![]() | Born in 1955 in Zürich (Switzerland) Lives and works in Zürich (Switzerland ) | Biographie Bibliographie Liste expositions |
After studying at the School of the Museum of Fine Arts in Boston and then at the National Institute of Fine Arts in Mexico, Ursula Biemann attended the School of Visual Arts in New York, graduating in 1986 and then joining the Whitney Independent Study Program in 1988.Ursula Biemann is an artist, theorist, and exhibition curator. Through her artistic and theoretical research, she focuses on the political sphere. She is interested in migratory phenomena and human mobility, borders, gender issues, and the rise of new technologies. Her work thus aims to establish a “counter-geography” by way of videos, installations, photographs, and text.
Ursula Biemann employs a documentary style. Her work is based on a geographical reality that drives and develops a personal analysis on the geopolitical origins of human and commercial movements within the context of globalisation. She generally collaborates with specialists – whether they are cultural theorists, anthropologists, NGO officials, or architects.
These collaborations complete her investigative fieldwork and thus lead to the development of an analysis aiming to deconstruct stereotypes and to reveal an alternative social reality. However, she does not set out a direct critical thought. Her critical strength lies in indirect discourse. With the limited means that she advocates, Ursula Biemann uses the power of images, narration, and the hierarchical structure of documents by way of montage to shed light on, for example, the consequences of migratory phenomena in Africa (Sahara Chronicle, 2006–2009), the effects of daily migrations at the Mexican border (Performing the Border, 1999), and the excesses of virtual communication (Writing Desire, 2000). She believes that the subjects she deals with are not intrinsically artistic, but that they allow her to experiment with aesthetic forms and theories similar to the essay.
Her first video Performing the Border (1999) is a documentary essay about the economic activity at the Mexican-US border in the maquiladoras. American multinationals use mostly female Mexican manual labour for the assembly of electronic components. The artist gathered on-site testimonies from these workers – workers who are forced to migrate on a daily basis.

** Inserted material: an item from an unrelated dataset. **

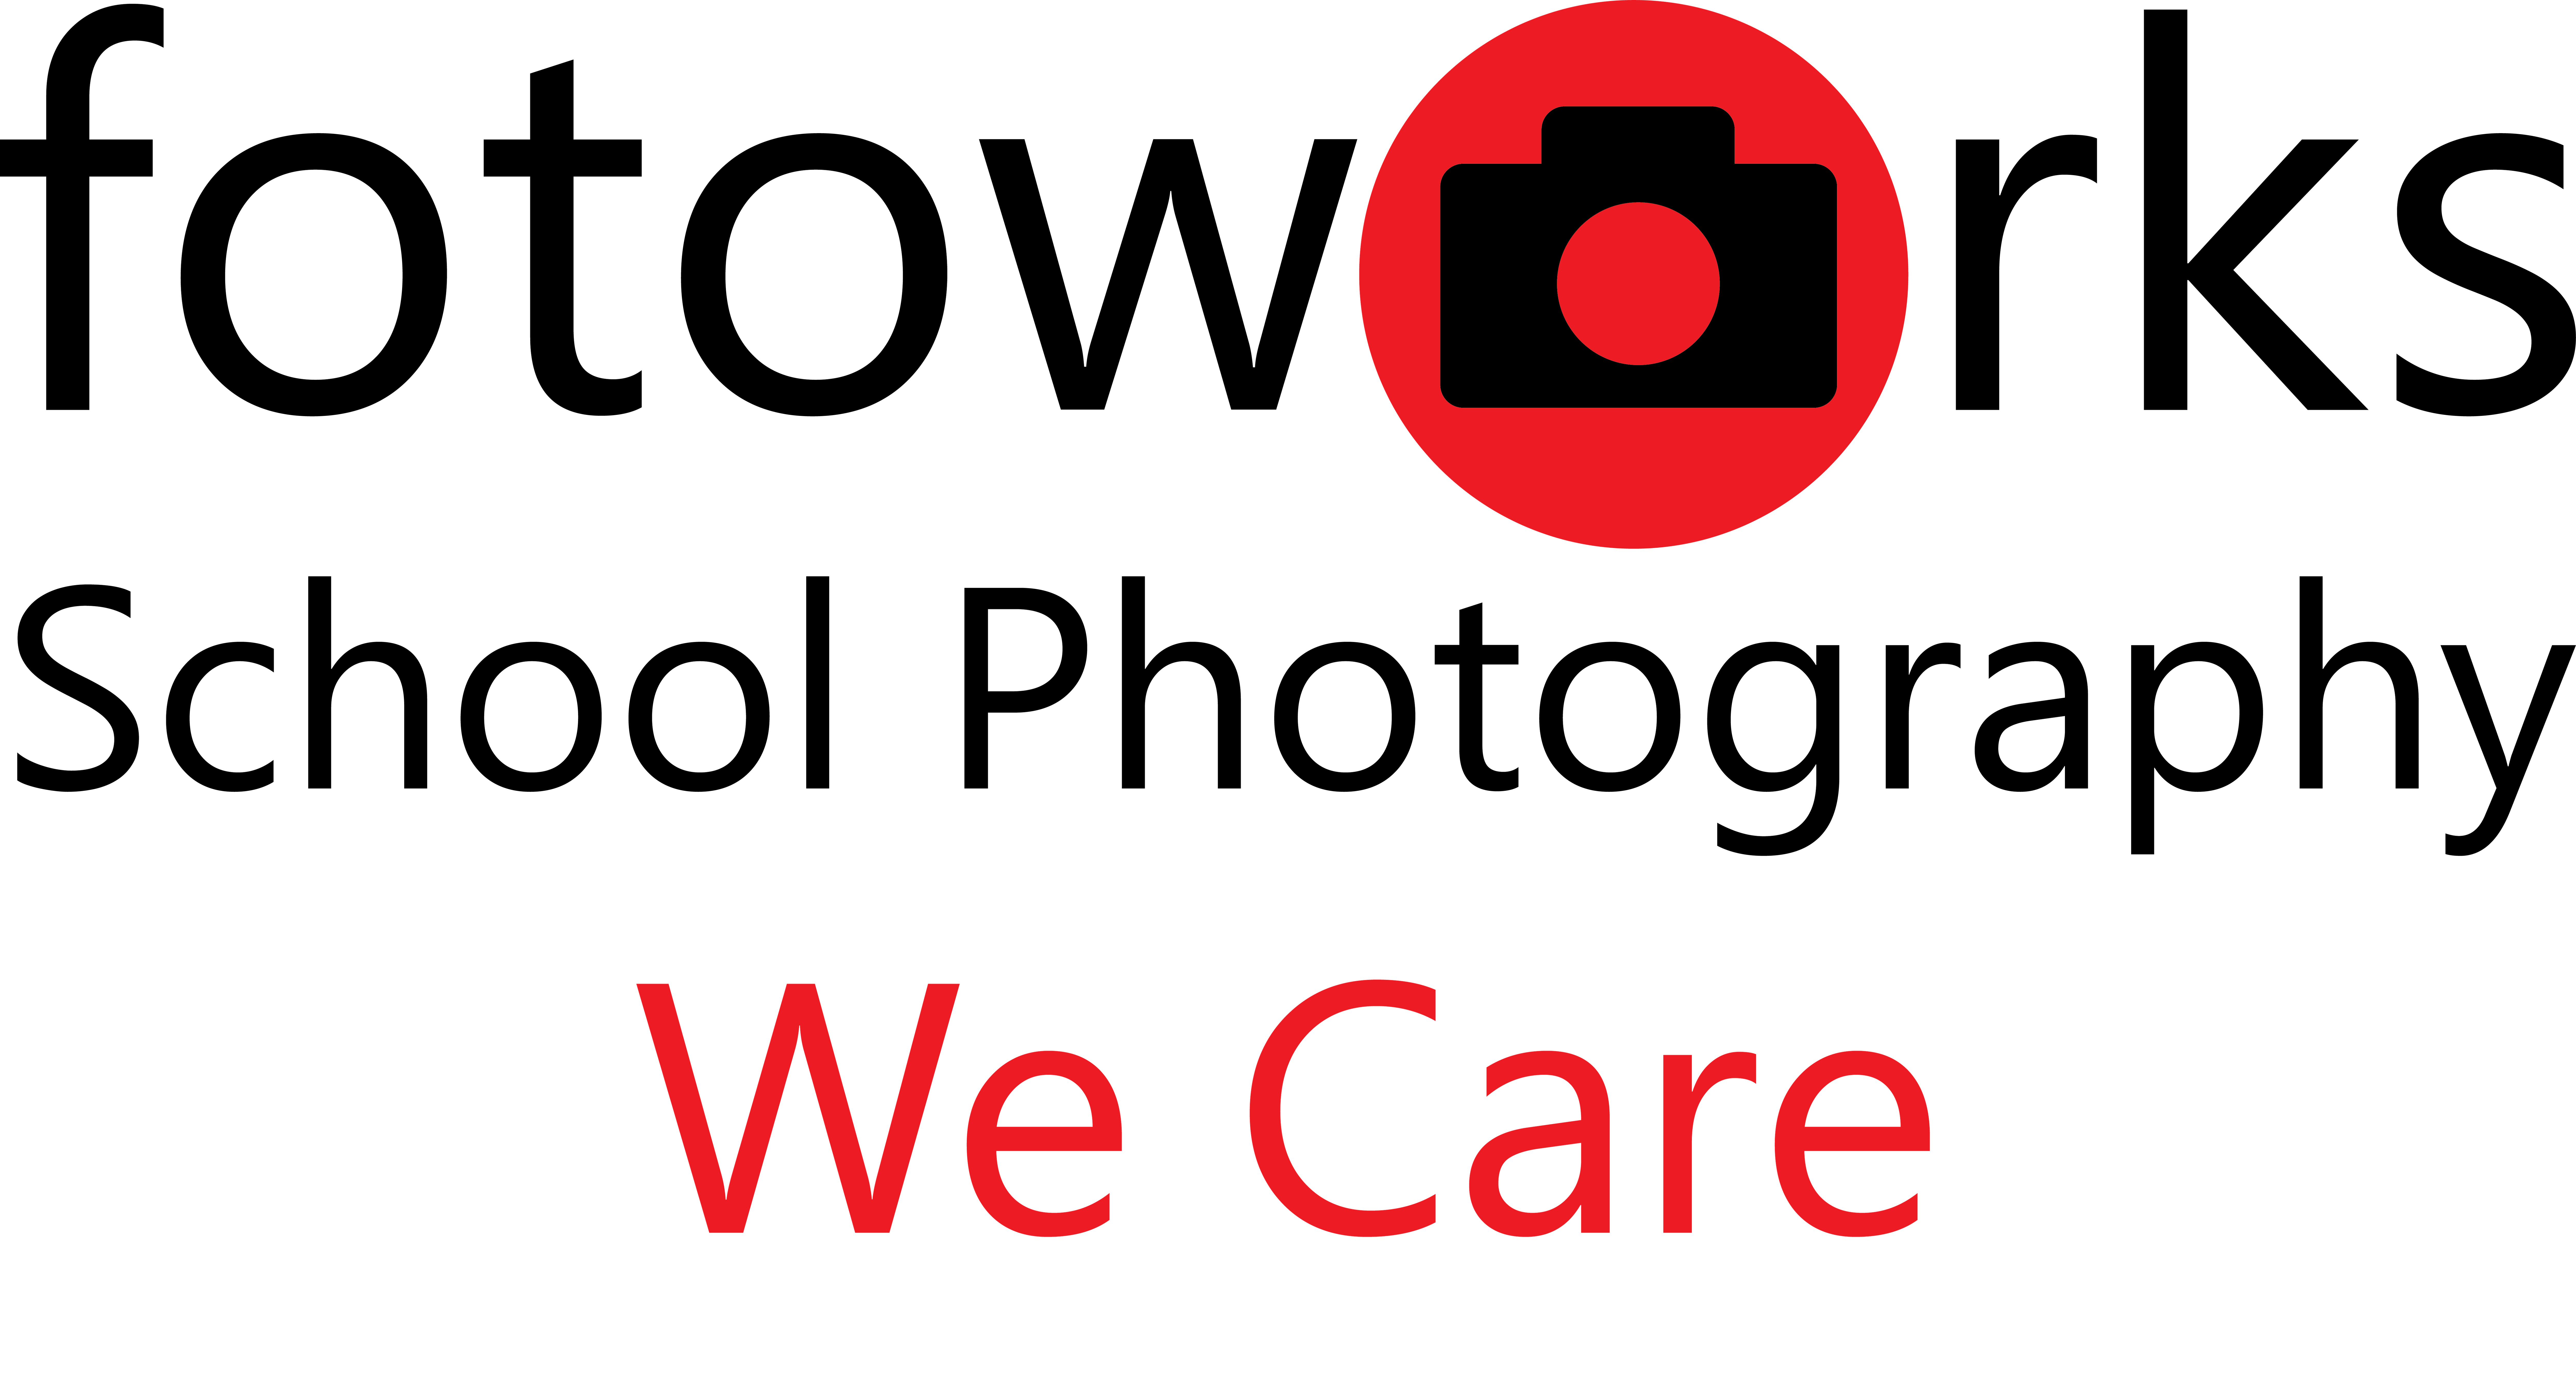 NEW Fotoworks Logo WE CARE

In the 2000s, Ursula Biemann was interested in two contemporary problematics already evident in Performing the Border – female slavery and migration zones.
In 2000, Writing Desire dealt with the trade of women on the Internet, and was followed by Remote Sensing (2001), which mapped out a topography of the sex trade. These two videos are completed by the World Sex Work Archive (WSWA) project, which, through interviews and photographs, details the migration of women around the world due to the sex trade. Migratory phenomena are at the heart of Europlex (2003), an experimental video on the activities at the Spanish-Moroccan border zone, produced in collaboration with anthropologist Angela Sanders. Among her more recent videos, X-Mission (2008) analyses the non-territorial status of Palestinian refugee camps, and Sahara Chronicle (2006–2009) investigates the migration of sub-Saharan populations to Europe.
Ursula Biemann is also an exhibition curator, which allows her to apply her theoretical thinking to other artists' works. She has worked on a number of exhibitions including Kültür at the Istanbul Biennial in 1997, whose theme was urban politics and the future of the city. In 2003, she presented Geography and the Politics of Mobility at the Generali Foundation in Vienna, Austria.In 2002, Ursula Biemann initiated the Transcultural Geographies network, a collaborative project on territorial and artistic investigation. She worked in collaboration with Lisa Parks, a researcher specialising in the media and its common practices, and with Angela Melitopoulos, videographer. In 2006, she participated in “The Maghreb Connection”, an international art and research project focused on migratory flows in North Africa. Its aim was to give a visual representation of the complexity of mobility in North Africa, following the anti-terrorist measures put in place by Western governments.
She has published a number of essays including Been There And Back To Nowhere (2003), Stuff It – The Video Essay in the Digital Age (2003), as well as a recent monograph entitled Mission Reports – Artistic Practice in the Field, Video Works 1998–2008 (2008). Her theoretical texts are regularly published in art and feminist journals.
Ursula Biemann is also a researcher at the Institute for Art and Design Theory at the Zurich University of the Arts. In addition, she teaches at the Geneva School of Fine Arts and participates in numerous seminars and international workshops. In 2008, she was appointed Doctor honoris causa in the Humanities by the Swedish University of Umeå. She received the Meret Oppenheim Prize in Switzerland in 2009.
Through her work as an artist and curator, Ursula Biemann shows how human movements constitute specific sociocultural landscapes and create micro-geographies. The artist thus reports on social realities relating to sensitive contemporary issues such as slavery, injustice, or migration. She therefore affirms her position as a challenger of traditional information media. Some of her videos are used by NGOs in their information campaigns.